FT: Frankly, it is not going to be easy to do so. President Kagame is very proud to be considered by Americans; some have even written a book on him, that he is leading the country as a corporation; a corporation that we are not shareholders in. The link between business and government is terrible. An article in the Financial Times reported that the party has over 700 million pounds for one single political party which is the 4th richest political party in the world. How do you differentiate this? It is terrible. Politics in Rwanda for people today is business. They try to convince people in the international community that there is democracy, good governance, reconciliation and peace. They show the development of the capitol city of Kigali as evidence but it is not what the Rwandan people need. We want a separation of business of the government. But to reach this aim a will be very difficult. The people of Rwanda have no strength to fight such a problem.
JF: This morning you wrote “On his African tour, President Obama cannot ignore the current issues in the Great Lakes Region, including Rwanda’s FDLR, Congo’s M23 and Uganda’s ADF-NALU, and as previously suggested by Tanzanian President, no solution will be reached without negotiations between the Governments and those armed groups.” How do you think Obama should address these issues on his visit?
FT: I believe he should support the line of Kikwete, the president of Tanzania. Arms cannot solve all problems; political problems particularly. Kagame says “well I used arms and I took the country.” He did it in Congo in 1996 and he did succeed because Mobutu ran away. Now we have 19 years where he has not been successful with the FDLR unless we are being told lies. If we cannot find a military solution to the situation then we have to look at a political solution. That is what Kikwete is proposing. I personally do not believe that all those guys in Congo are criminals and killers or genocidaires. I believe some are in their 20’s and they want to go back to Rwanda. So those guys (FLDR) have to be approached and asked if they want to go home. We have to end this situation (in Congo) positively by negotiation. After all, if M23, which is also an organization of criminals who are killing women and children and yet they are allowed to go and negotiate then why not the others? A killer is a killer; there is no difference at all. Why are some allowed to negotiate and not others? We have to find a reasonable solution and a reasonable solution for me is to negotiate. To negotiate is not a crime it is rather a demonstration of going beyond our own feelings and finding a solution.
JF: What are your views on the conflict in DRC, and would the removal of Kagame as a president solve or make any change in this conflict?

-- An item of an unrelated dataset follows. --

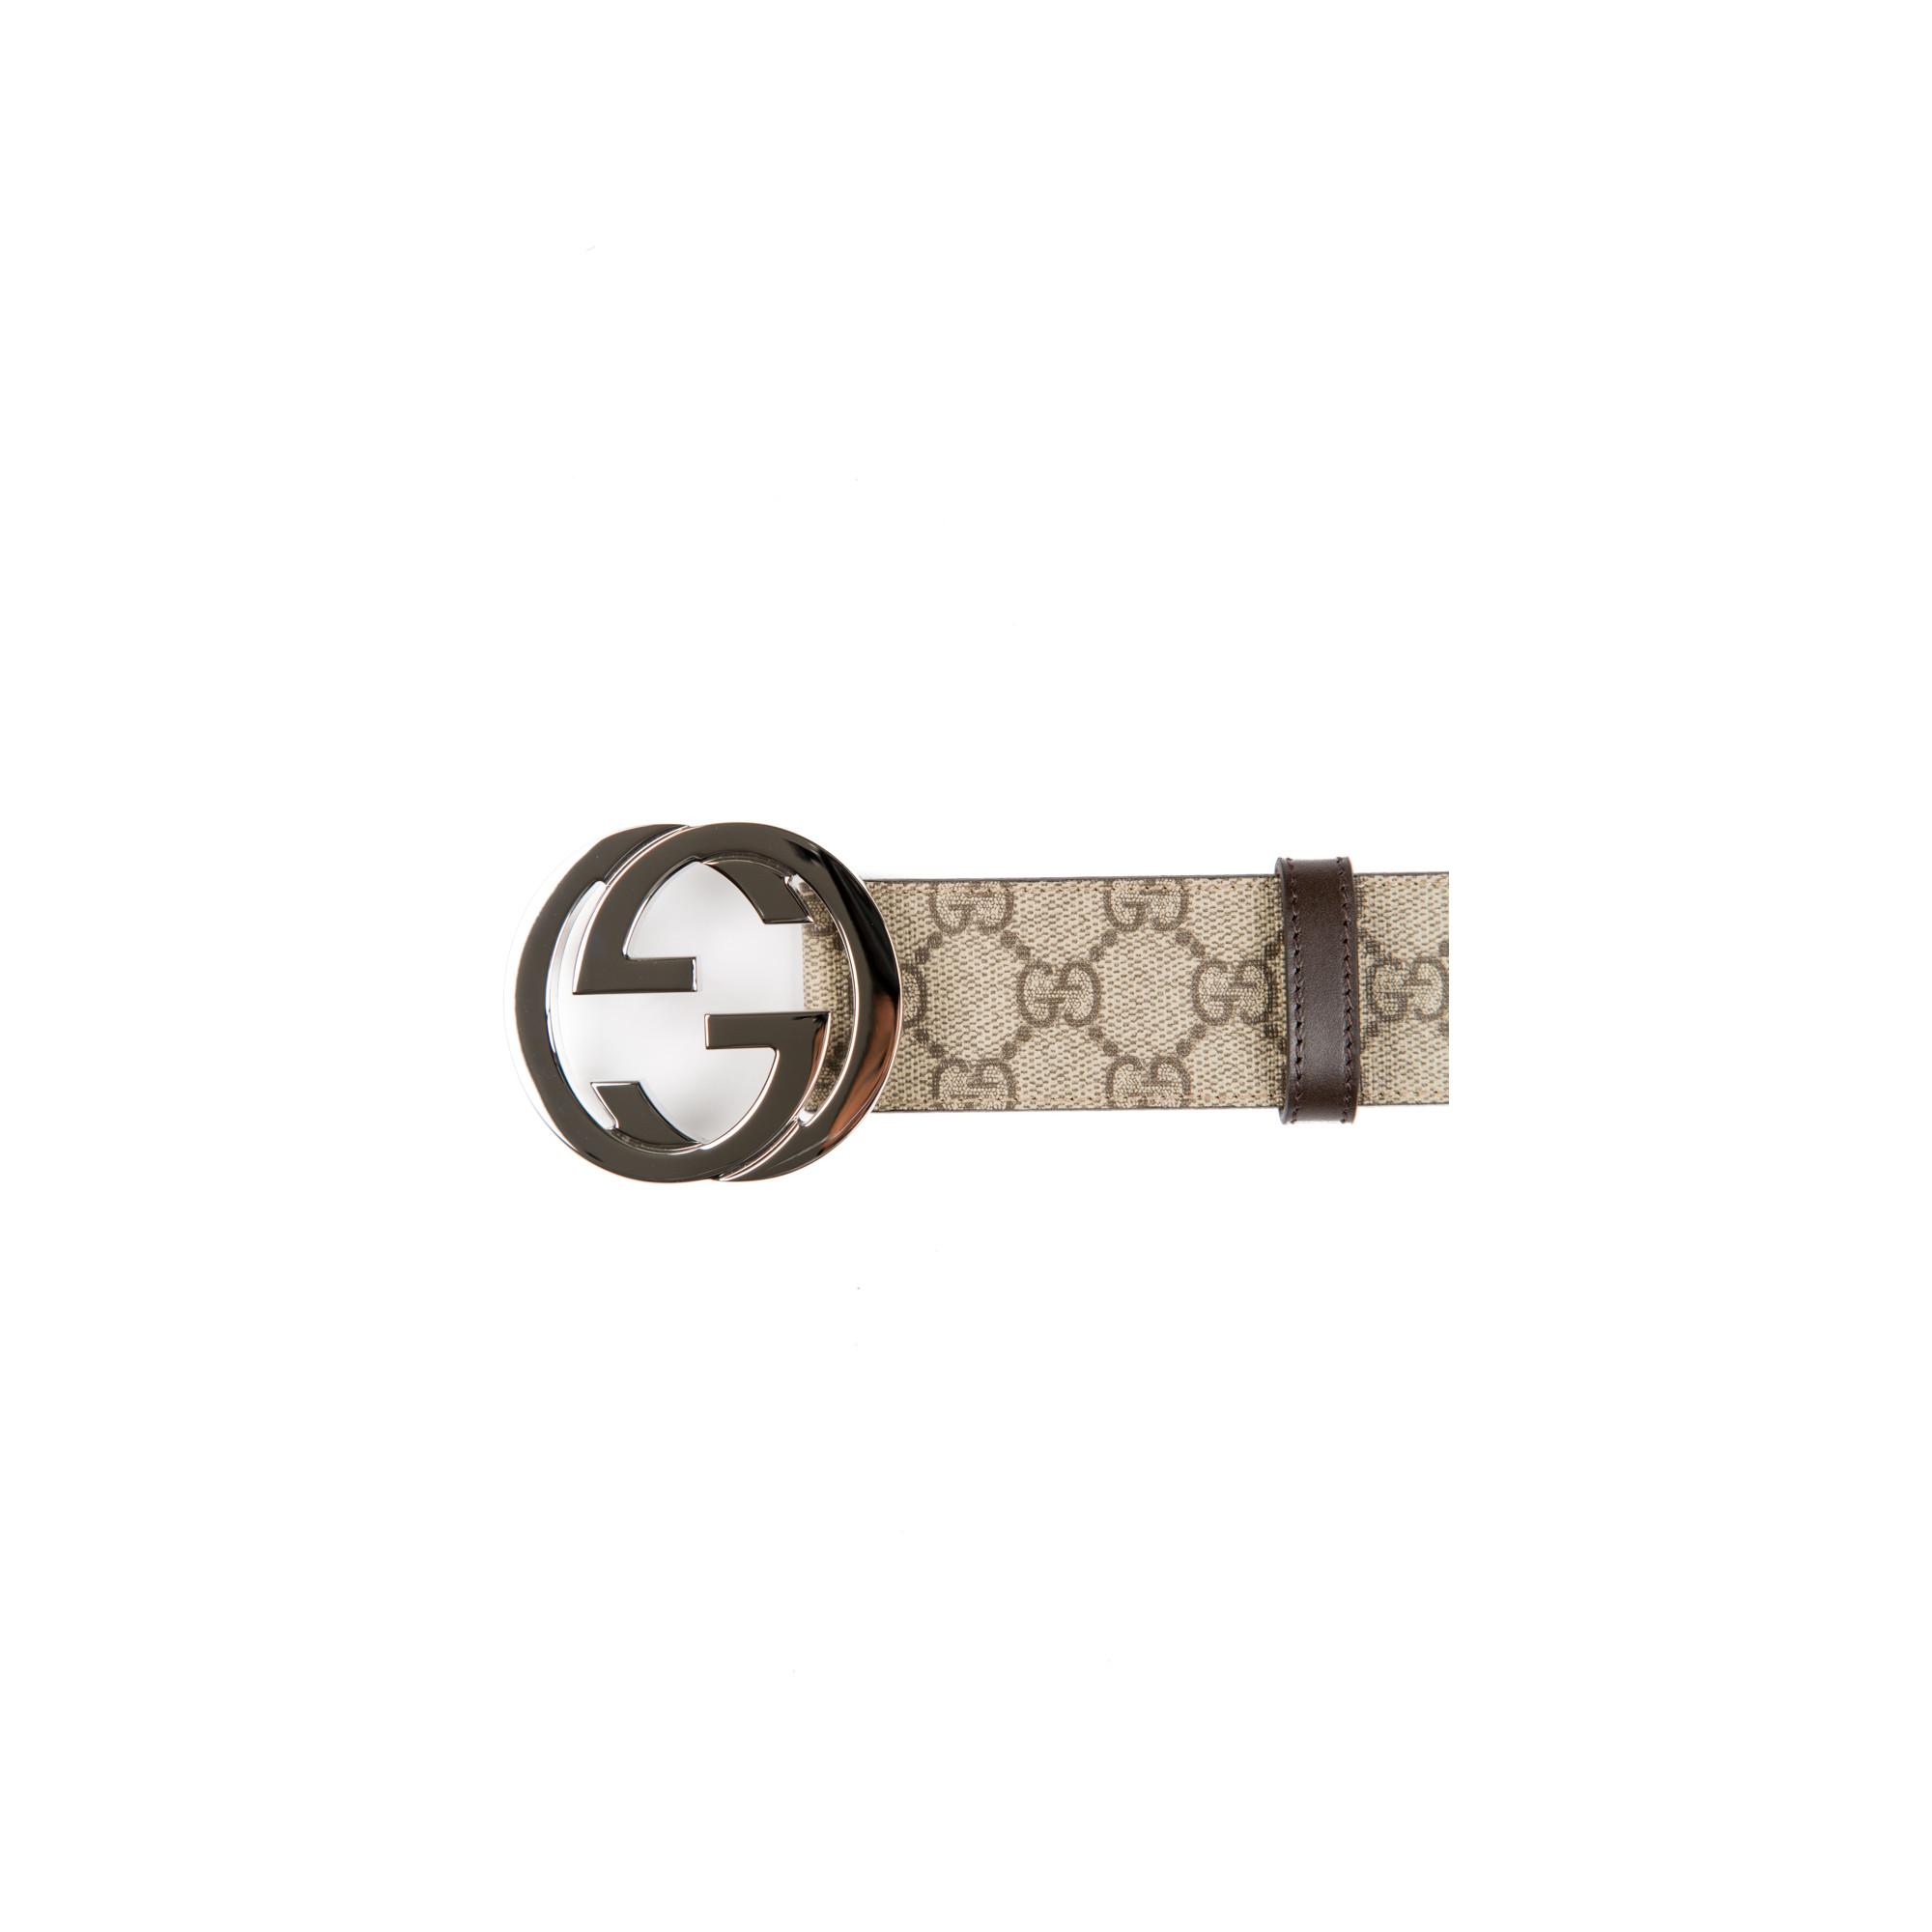 bdcaf962a2d ... Gucci belt w.40 int. brown Gucci belt w.40 int. brown ...
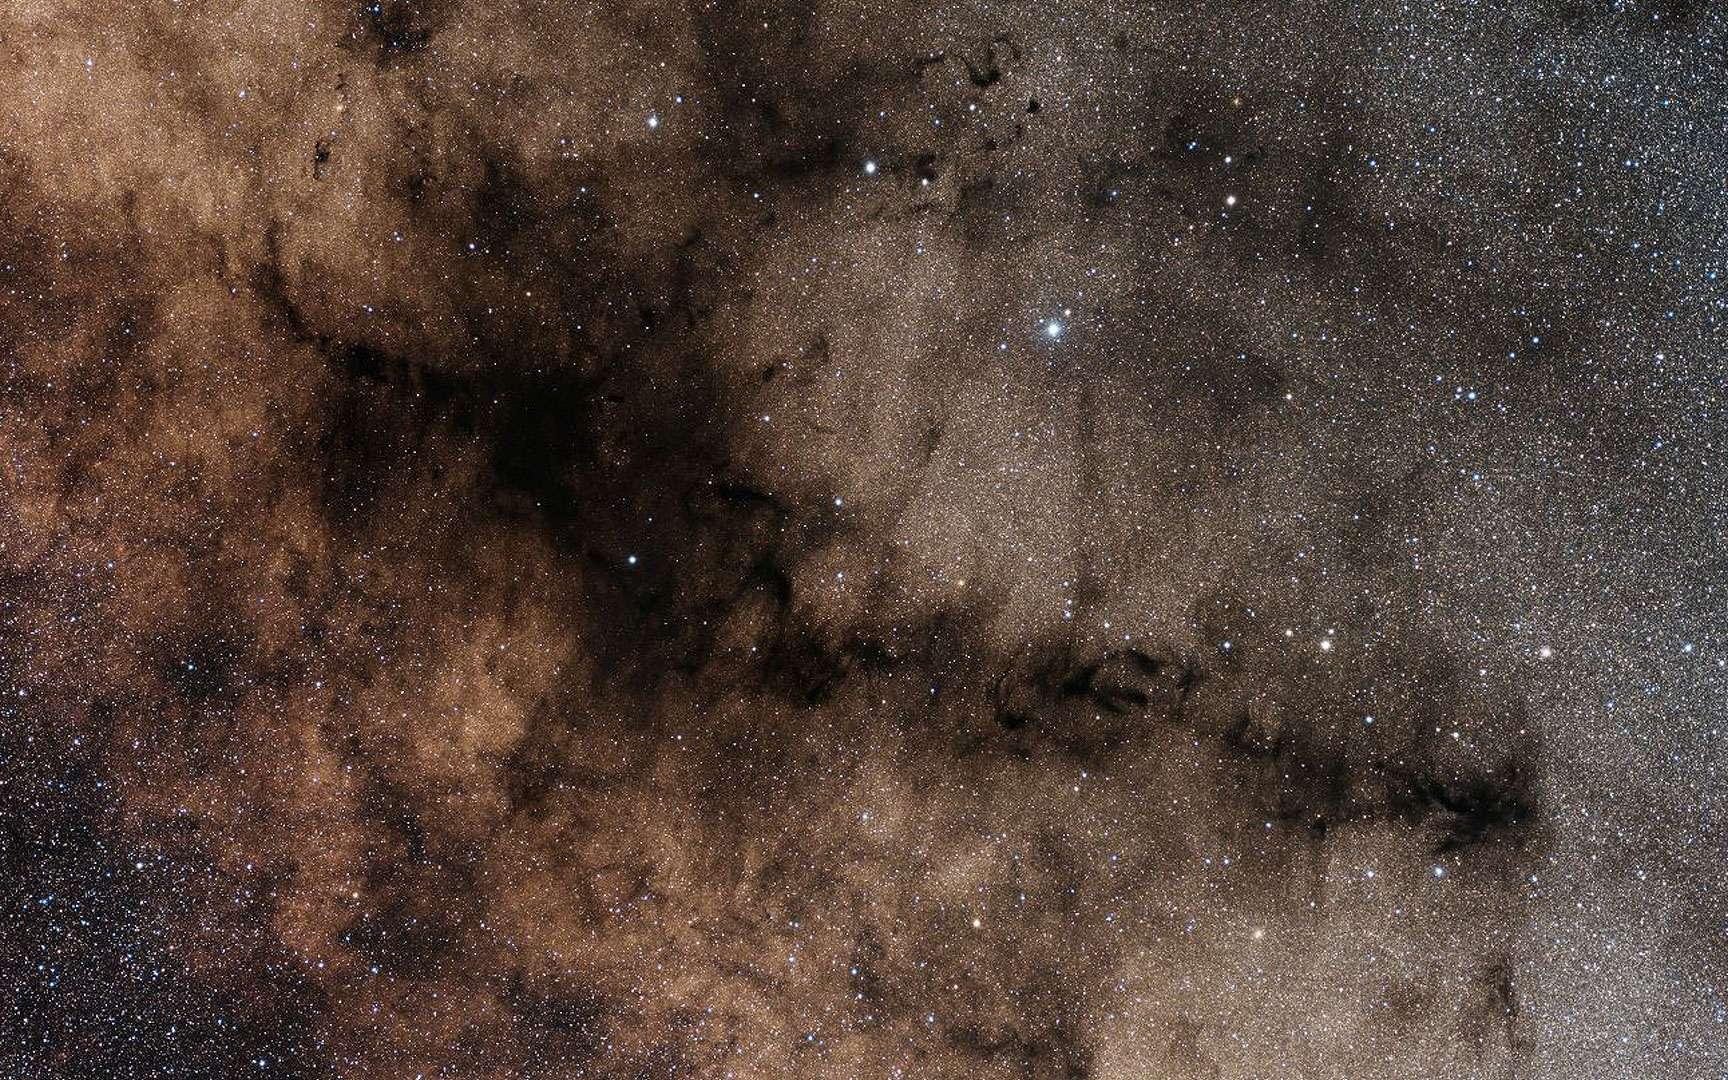 La nébuleuse de la Pipe, au cœur de la Voie lactée. L'immense nuage sombre de la nébuleuse de la Pipe est perceptible à l'œil nu dans un ciel noir, bas sur l'horizon sud depuis les latitudes de l'Europe. Il culmine au zénith dans l'hémisphère sud, comme dans le désert d'Atacama d'où a été prise cette photographie.© ESO, Y. Beletsky

FT: I think Kagame is working within a system. Removing Kagame is not removing the entire system. It could probably diminish the intensity of the situation today but I do not know if it will solve problem. Africans are accustomed to this, removing someone, you put someone else in and the situation does not change. But the system is there, built on one single person, removing him the situation can collapse but there will not be a peaceful collapse. So, we have to find a way in the middle. I cannot propose any except that sitting together and trying to talk is the best way.
JF: My last question to you is: upon your return to Rwanda later this month what will be your first priority?
FT: My first priority is to behave like a politician. If I want to register my party I have to follow the laws of the country and see what happens.
Mr. Twagiramungu has ambitions and dreams for Rwanda and appears to have the energy and strength to attempt to fulfill them. Whether or not he will succeed in Rwanda will be told in the months to come.